Mohammed, by this means, ultimately found himself in a condition that would enable him long to defend his power and dominions. He was master of a country of great extent, and he possessed considerable revenues, the amount of which it is now difficult correctly to estimate, in consequence of the ignorance which prevails on the subject of the peculiar financial system of the Moors, and the different sources from which the public treasury was supplied. Every husbandman, for example, paid the seventh part of the produce of his fields to his sovereign; his flocks even were not exempted from this exaction. The royal domain comprised numerous valuable farms; and, as agriculture was carried to the highest degree of perfection, the revenues from {129} these, in so luxuriant a country, must have amounted to a very large sum. The annual income of the sovereign was augmented by various taxes levied on the sale, marking, and passage from one point to another of all kinds of cattle. The laws bestowed on the king the inheritance of such of his subjects as died childless, and gave him, in addition, a portion in the estates of other deceased persons. He also possessed, as has been already shown, mines of gold, silver, and precious stones; and though the Moors were but little skilled in the art of mining, still there was no country in Europe in which gold and silver were more common than among them.

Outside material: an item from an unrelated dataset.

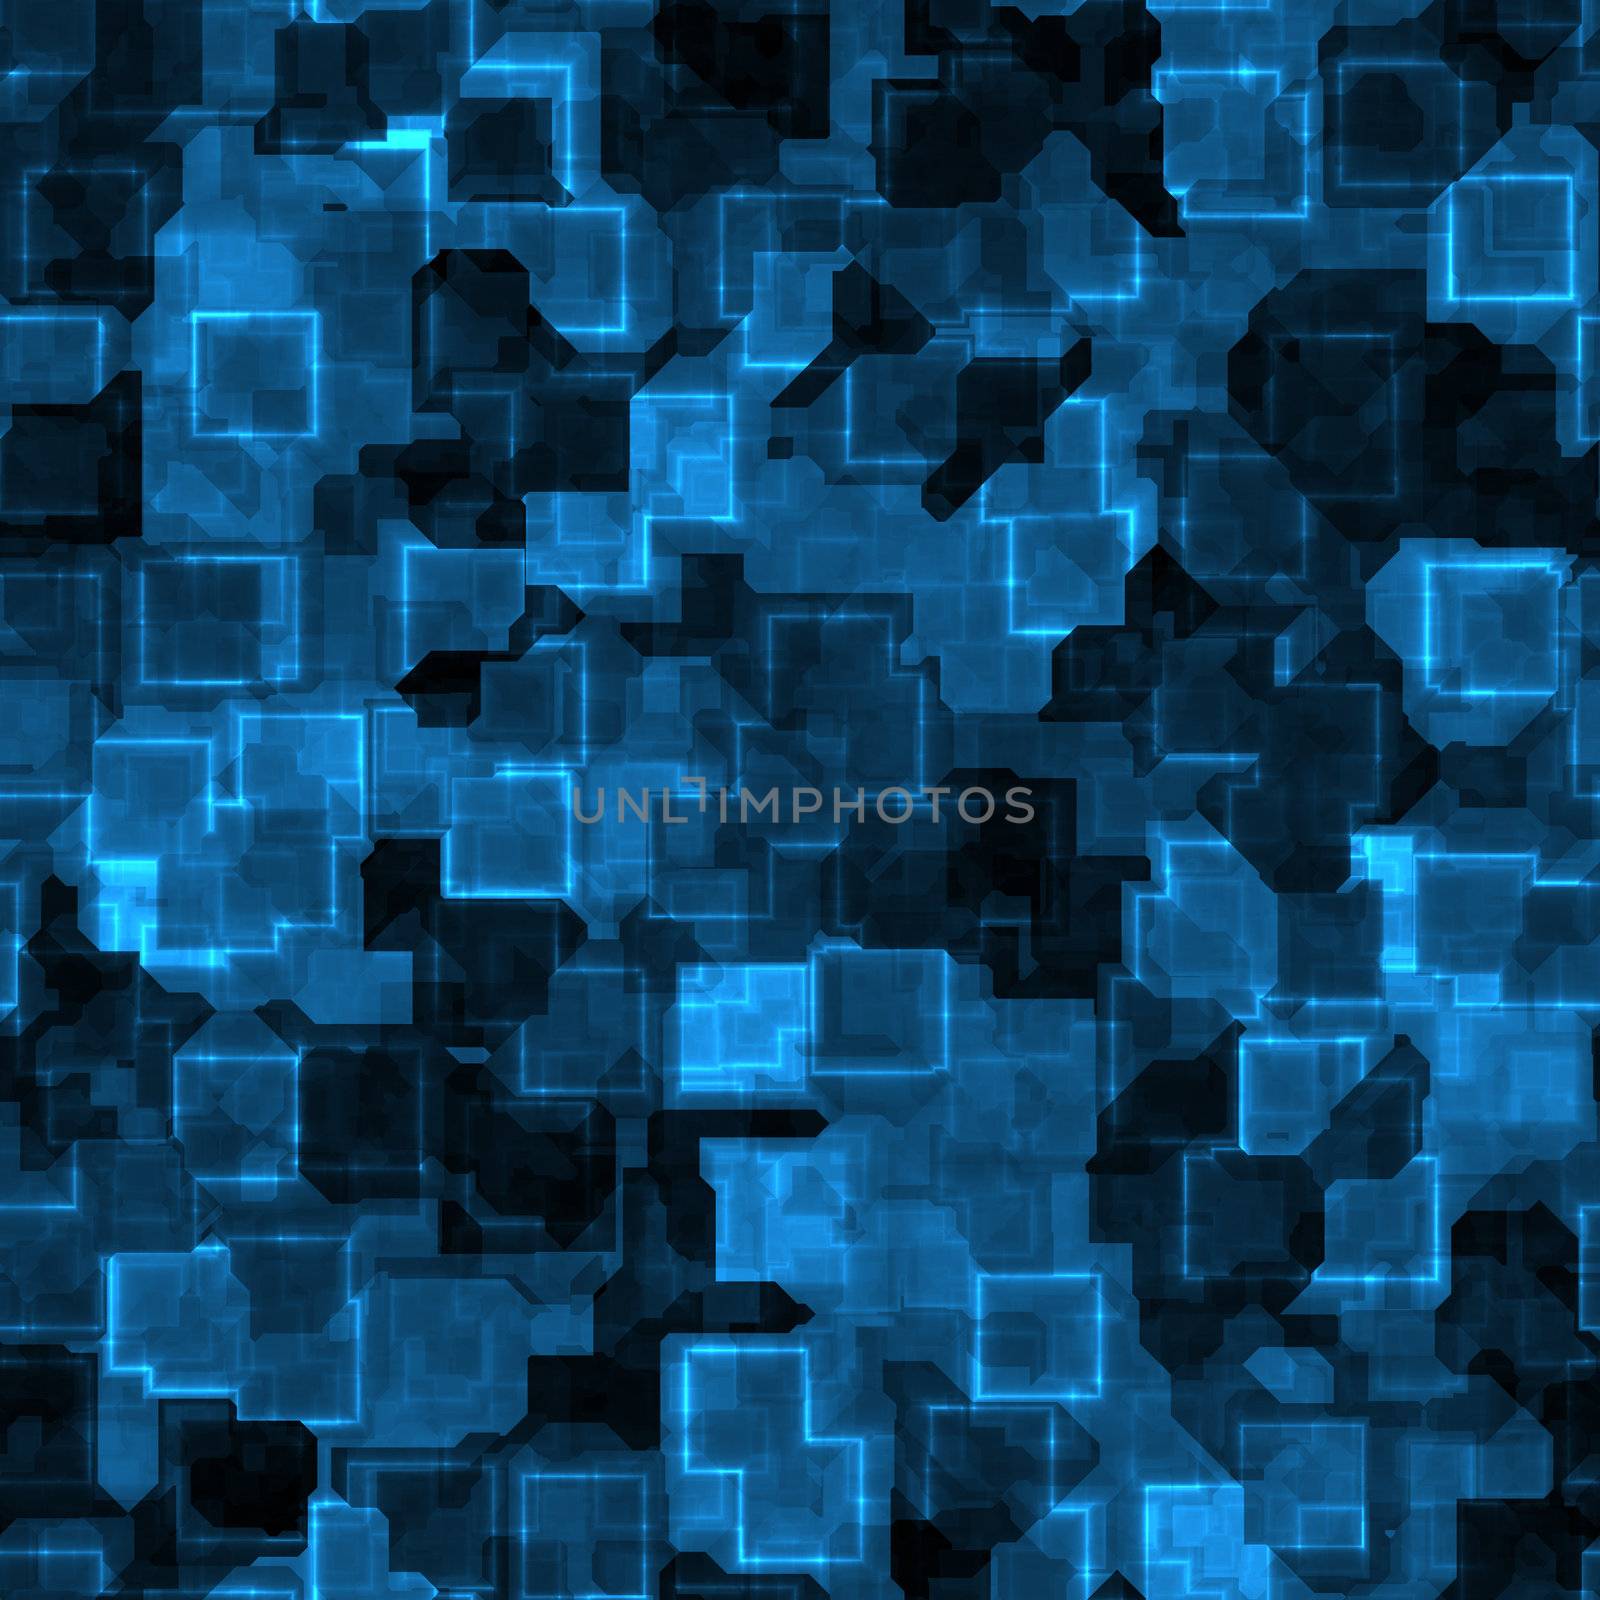 cyber grunge background, will tile seamlessly as a pattern

The commerce carried on in their beautiful silks, and in a great variety of other productions; their contiguity to the Mediterranean and Atlantic; their activity, industry, and astonishing population; their superior knowledge of the science of agriculture; the sobriety natural to all the inhabitants of Spain; and that peculiar property of a southern climate, by which much is produced from the soil, while very little suffices for the maintenance of its possessor; all these, united with their other national {130} advantages, will furnish some idea of the great power and resources of this singular people.
Their standing military force—it can scarcely be said in times of peace, for they rarely knew the blessings of that state—amounted to nearly a hundred thousand men; and this army, in case of necessity, could easily be increased to double that number. The single city of Grenada could furnish fifty thousand soldiers. Indeed, every Moor would readily become a soldier to oppose the Christians. The difference of faith rendered these wars sacred in their eyes; and the mutual hatred entertained by these two almost equally superstitious nations never failed to arm, when necessary, every individual of both sides, even from children to old men.

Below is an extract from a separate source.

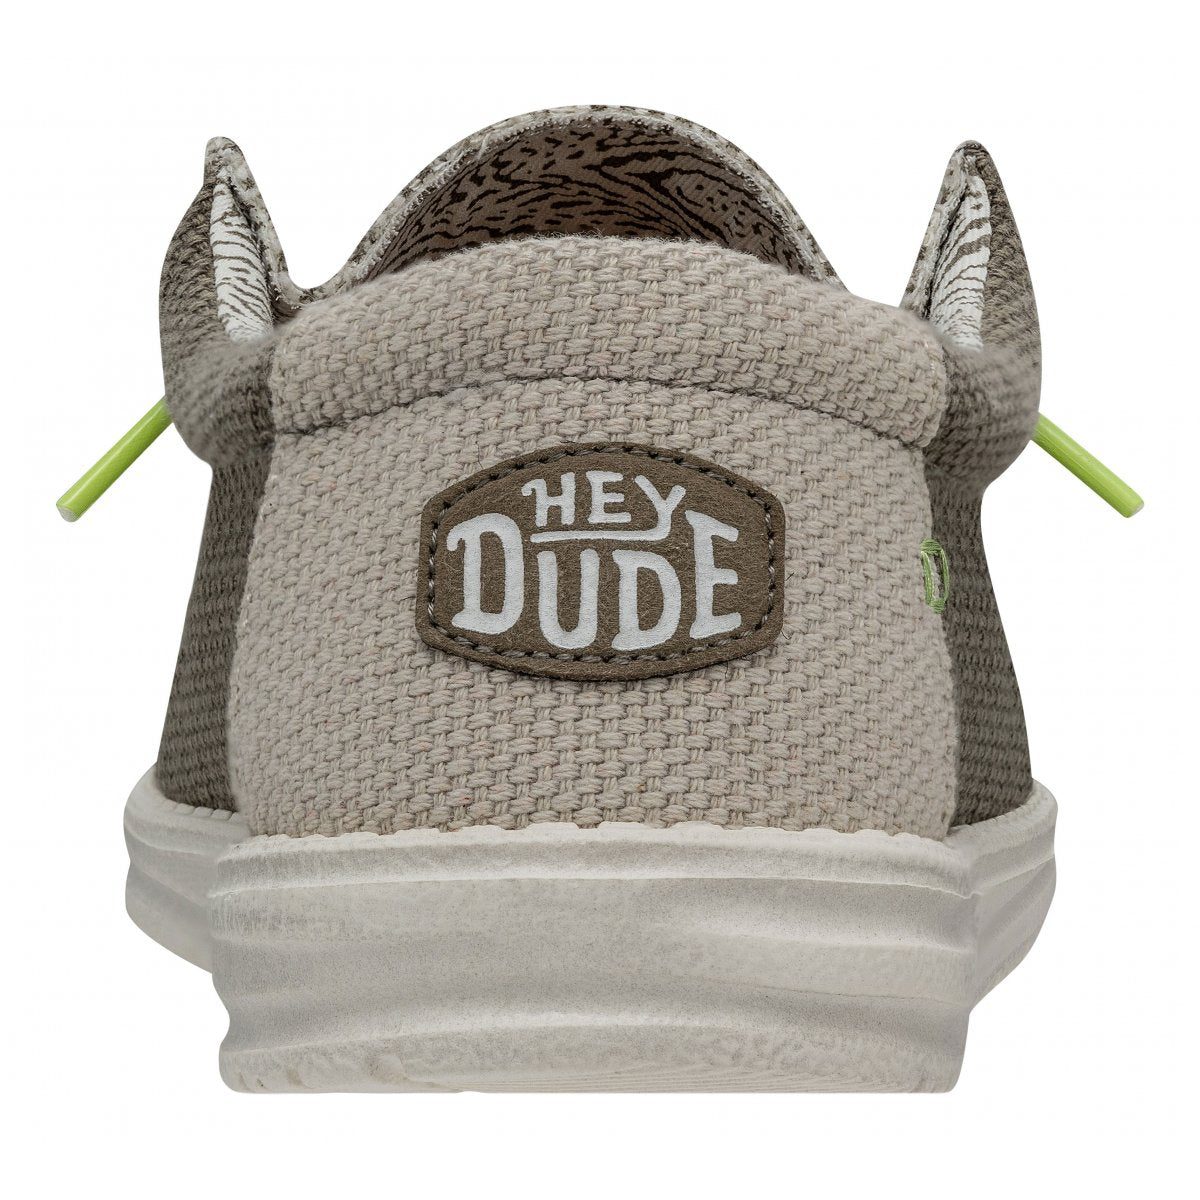 Dude-HD.S23.40003-2BS-wally-braided-fossil-5

Independent of the numerous and brave, but ill-disciplined troops, who would assemble for a campaign, and afterward return to their homes without occasioning any expense to the state, the Moorish monarch maintained a considerable corps of cavaliers, who were dispersed along the frontiers, particularly in the directions of Murcia and Jaen, those parts of the country being most exposed to the repeated incursions of the Spaniards. Upon each of these cavaliers the king {131} bestowed for life a small habitation, with sufficient adjoining ground for his own maintenance, and that of his family and horse. This method of keeping soldiers in service, while it occasioned no expense to the public treasury, served to attach them more firmly to their country, by identifying their interests with hers; and it held out to them the strongest motives faithfully to defend their charge, inasmuch as their patrimony was always first exposed to the ravages of the enemy.

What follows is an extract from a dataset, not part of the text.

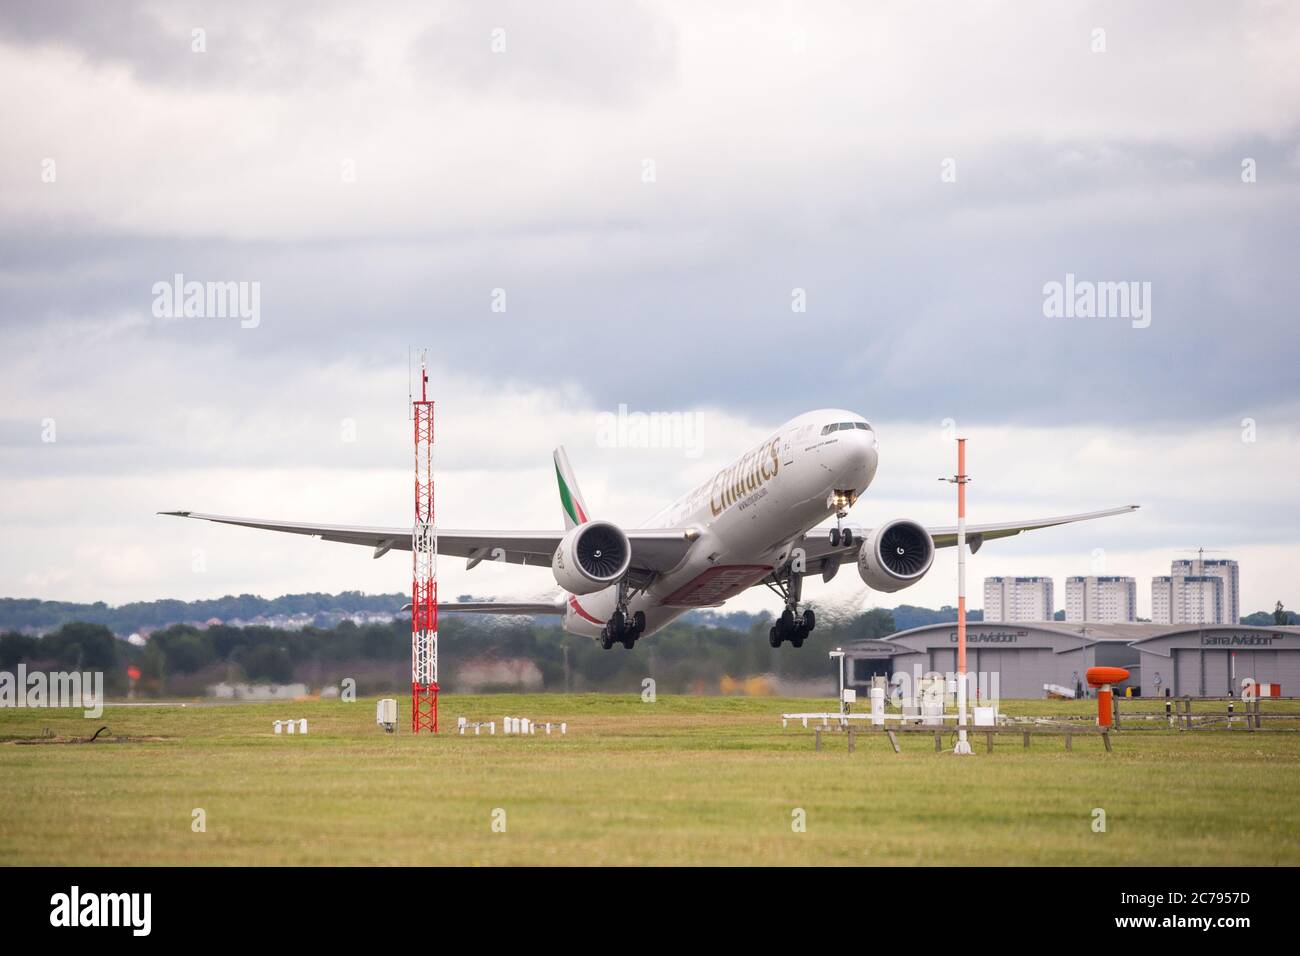 Glasgow, Scotland, UK. 15th July, 2020. Pictured: Emirates flight EK28, Boeing 777-31H(ER) aircraft (reg A6-EGE) departs Glasgow International Airport for Dubai. First flight back after the lockdown was eased. Following the coronavirus (COVID19) crisis, the global aviation industry has been massively affected, causing some airlines to go bust and the others to cut huge numbers of staff and cancel orders on new aircraft. Emirates cancelled their flights to Glasgow until today. Credit: Colin Fisher/Alamy Live News Stock Photo

At a time when the art of war had not reached the perfection it has now attained, and when large bodies of troops were not kept continually assembled and exercised, the system of stationing this peculiar guard along the frontiers was of admirable effect.
The knights who composed this unrivalled cavalry were mounted on African or Andalusian chargers, whose merits in the field are so well-known, and were accustomed from infancy to their management; treating them with the tenderest care, and regarding them as their inseparable companions: by these means they acquired that remarkable superiority for which the Moorish cavalry is still so celebrated.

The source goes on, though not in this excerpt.